La capisco, le confessa però alla fine della sua riflessione: anche per me è un po’ così; tengo tutto dentro di me senza far comprendere a nessuno i malesseri che posso provare. In fondo però siamo donne, dobbiamo sempre cercare di tenersi da parte, per poi magari fare noi proprio le scelte più giuste quando alla fine queste contano davvero. Anna ride, non era certo questo l’argomento che aveva affrontato, ma in fondo fa lo stesso, le sue opinioni le ha ben chiare dentro di sé, e poi ha già fatto uno strappo alle sue regole soffermandosi a parlare di se stessa con questa vicina, meglio adesso non rivelarle troppe cose riguardo le sue opinioni, a scanso di equivoci. Vede, le dice ancora: io sono ottimista; credo sempre che tutto vada con certezza a finire nella maniera migliore, proprio come nelle favole per i bambini.
Si, ho capito, ho capito bene, fa l’altra; comunque adesso è meglio che vada perché ho ancora un sacco di cose da fare. Le due si salutano come sempre hanno fatto in tutto quel tempo incontrandosi, ed ognuna fatte le proprie rampe di scala rientra nel suo appartamento. Nella sua cameretta c'è Francesco che studia, Anna si muove piano nelle stanze di casa per non disturbarlo facendo rumore, anche se lui ad un tratto si affaccia alla porta soltanto per osservarla in silenzio con un sorriso, come non faceva oramai da un bel po’ di tempo. Lei va subito verso di lui e se lo abbraccia, senza dire niente: in fondo è un gesto semplice questo, però spesso assume più significati di qualsiasi lungo discorso. Poi ognuno torna alle proprie occupazioni.

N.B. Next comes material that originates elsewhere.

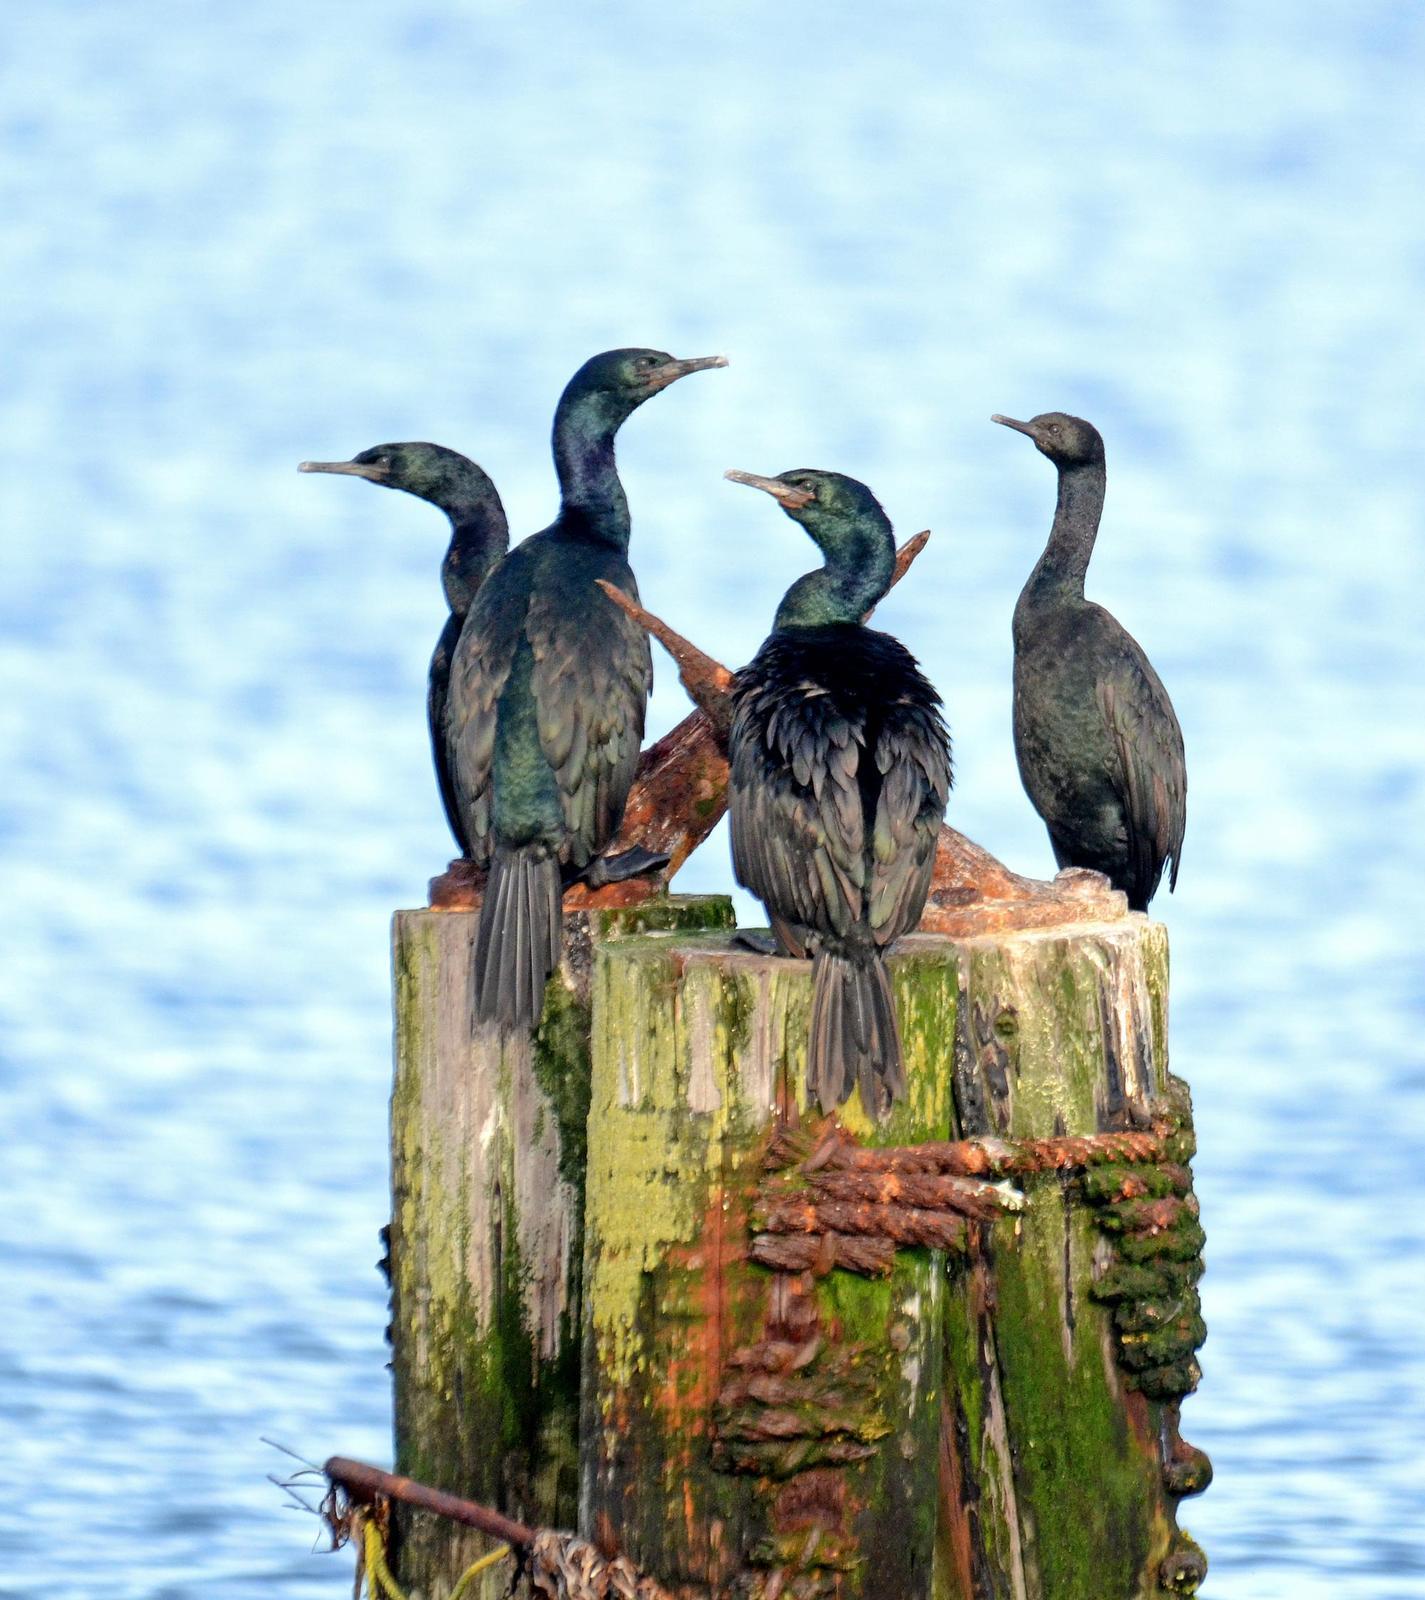 Pelagic Cormorant Photo by Steven Mlodinow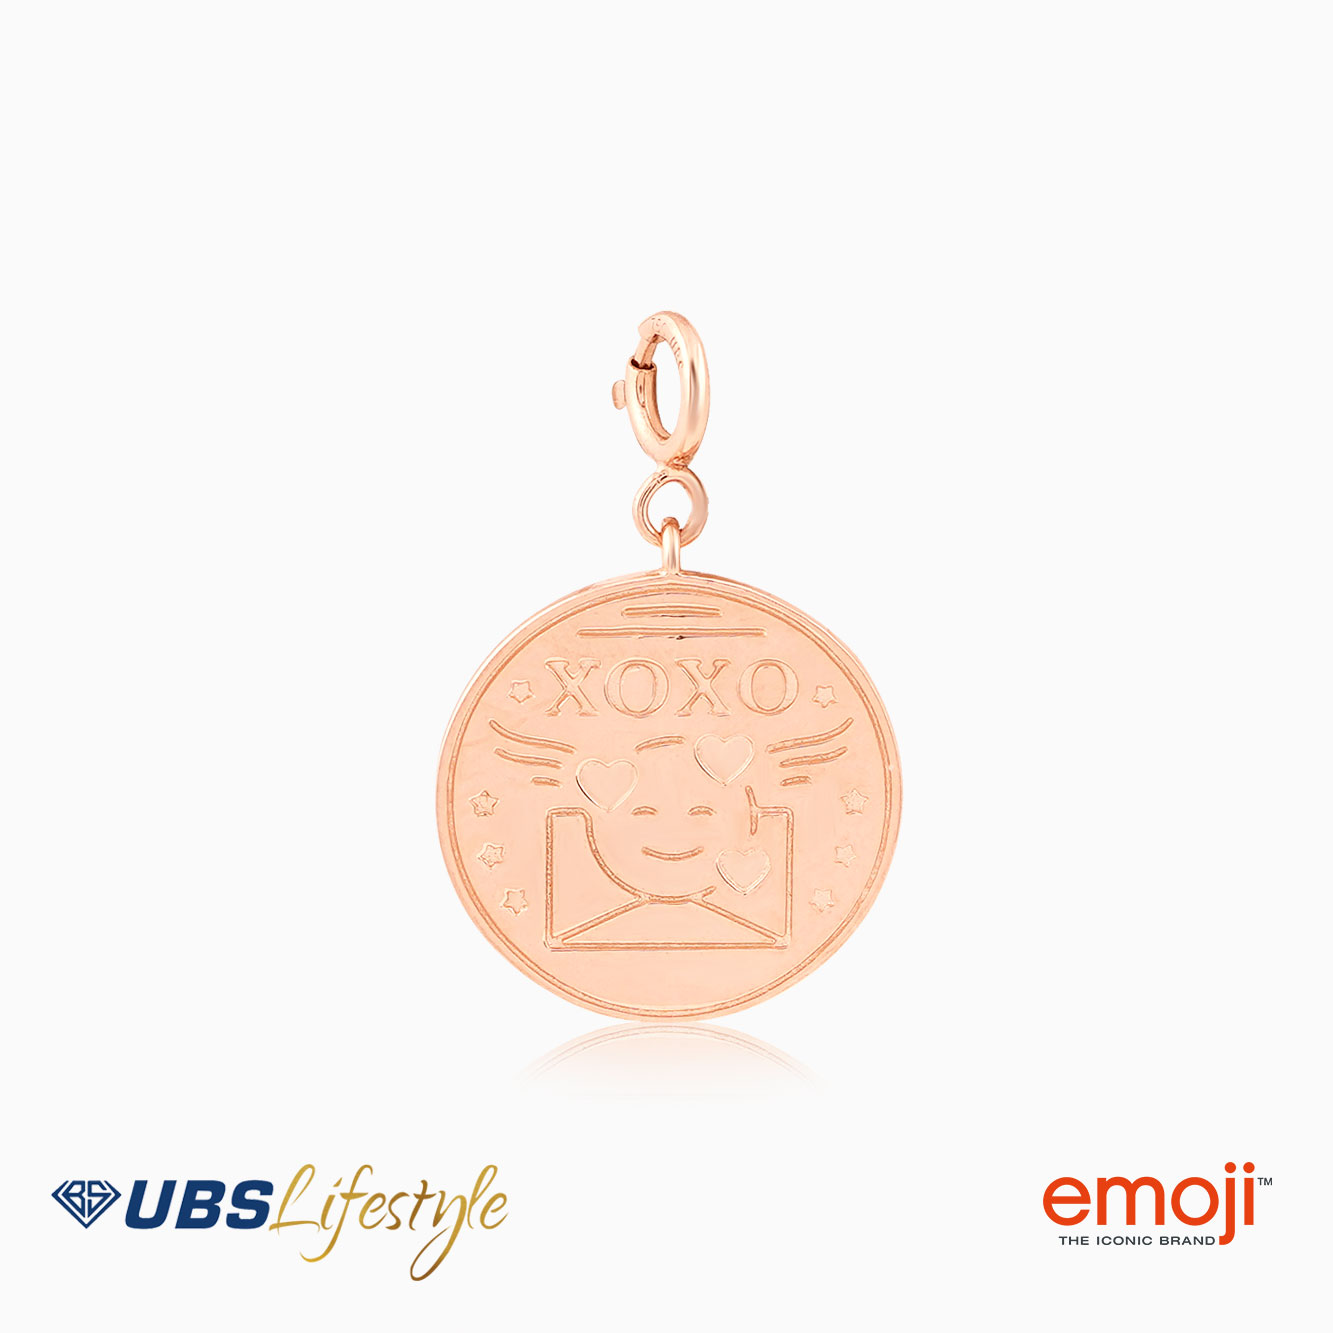 UBS Liontin Emas Emoji - Cmq0012R - 17K

Anna adesso si sente una sciocca per aver parlato delle sue intimità con quella vicina, ma aveva assolutamente bisogno di farlo, aveva proprio voglia di dire a qualcuno qualcosa che non aveva mai detto ad anima viva. Forse dentro di sé prova davvero un senso di disagio, magari c'è qualcosa che non va di cui non si è ancora del tutto resa conto. Però parlarne con qualcuno che appena conosci è perfetto, riflette con calma: ti aiuta a comprendere che anche tu sei una persona qualsiasi, una come tante, semplicemente una pedina di questa grande scacchiera, e molto probabilmente ogni malessere vero o presunto che puoi provare è proprio uguale a quello di tutti.